Si le gouvernement persiste dans sa stratégie hasardeuse de rouvrir le pays trop précocement, alors que les indicateurs sanitaires sont mauvais, avec la pression exercée par les nouveaux variants et l’absence de couverture vaccinale suffisamment efficace, alors il prendra le risque d’une résurgence épidémique. Il offrira un boulevard aux variants pour se répandre et s’installer durablement dans le pays, et il retournera probablement à la saturation de son système de soins nécessitant à plus ou moins court terme un nouveau confinement. Sur le plan de la vie sociale et économique, ces choix seront d’autant plus désastreux qu’aux portes du pays cette fois (et non plus à l’autre bout de la planète) d’autres pays plus vertueux sur le plan sanitaire, auront rouvert en toute sécurité leur pays et leur économie. Bien sûr, ces bons élèves appelleront fermement leurs propres ressortissants à ne pas se rendre dans les zones à risque d’Europe, c’est-à-dire celles qui n’auront pas su ramener leur incidence à un niveau de faible circulation. De même, ces pays ne seront pas enclins à recevoir des touristes de ces zones rouges.

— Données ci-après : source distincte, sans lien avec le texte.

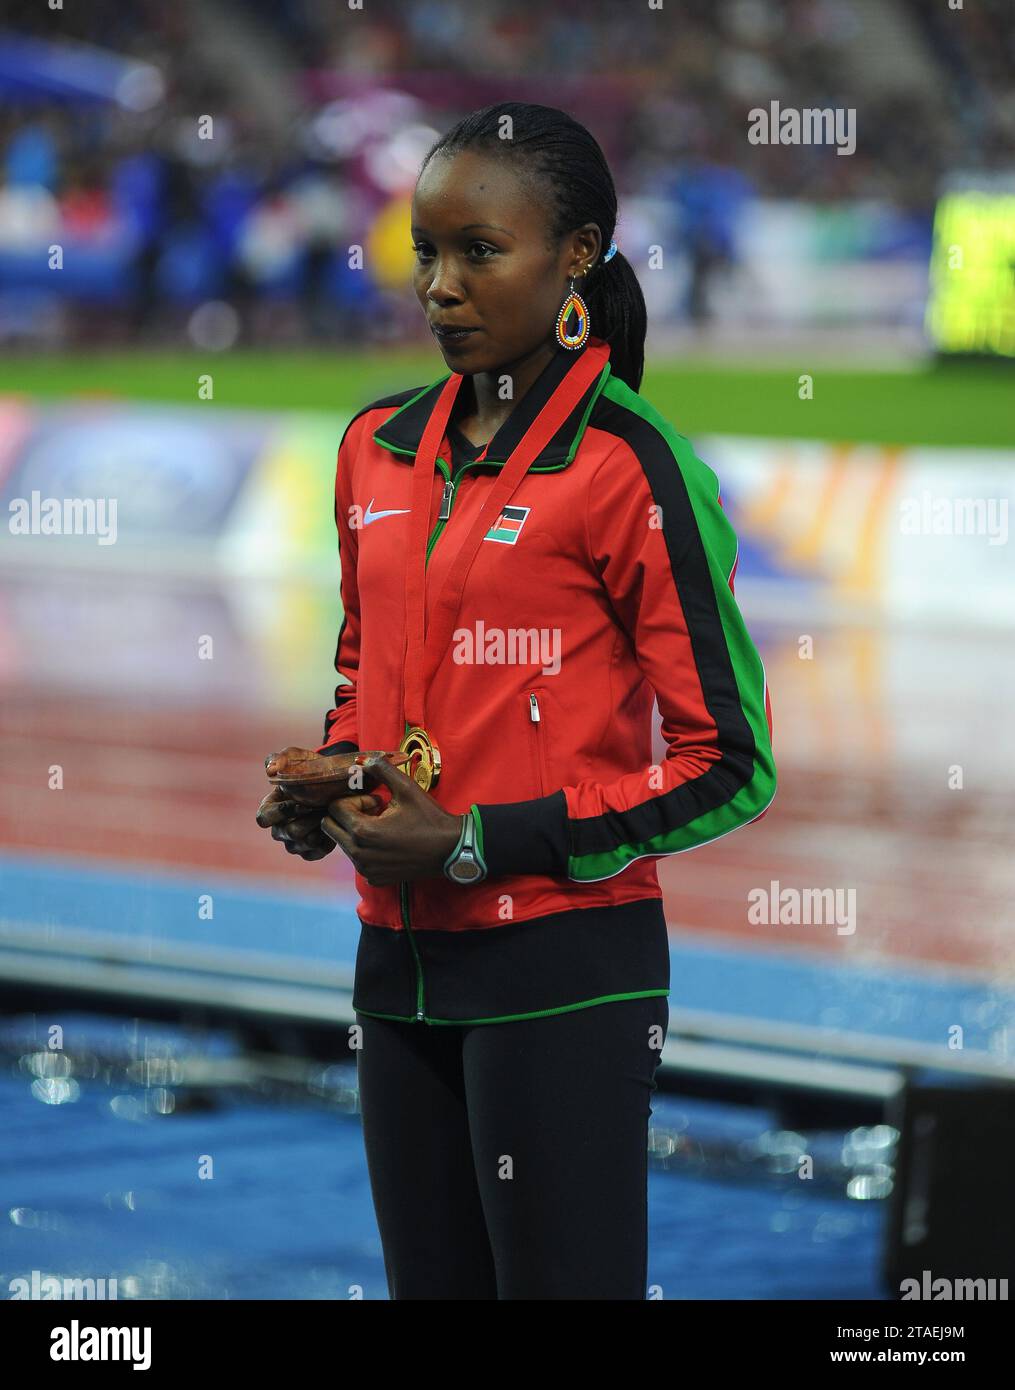 Mercy Cherono of Kenya gold medal ceremony at the women’s 5000m at the Commonwealth Games, Glasgow, Scotland UK on the 27th Jul-2nd Aug 2014. Photo by Stock Photo

A la question de savoir si, au moment où il devient opportun de rouvrir, il est possible de réduire le risque dans les écoles, les cantines scolaires, les restaurants d’entreprises, les lieux de spectacles et les arènes sportives fermées, la réponse est oui, bien sûr. En se focalisant désormais sur la voie majeure, si elle n’est pas quasiment la seule, de transmission du coronavirus par voie aérosol, le maître mot doit être la ventilation. Il conviendra de s’assurer qu’elle est efficace et satisfaisante là où l’on reçoit du public (grâce à des capteurs de CO2). Il conviendra aussi de promouvoir clairement le port du masque, le respect des distances physiques, et la jauge dans tous les lieux fermés efficacement ventilés. Les tests rapides bien encadrés pourraient aussi jouer un rôle important, notamment dans les écoles pour prévenir les fermetures intempestives de classe. Il faut absolument mettre à profit les périodes de confinement pour déployer ces programmes permettant de réduire le risque à l’ouverture.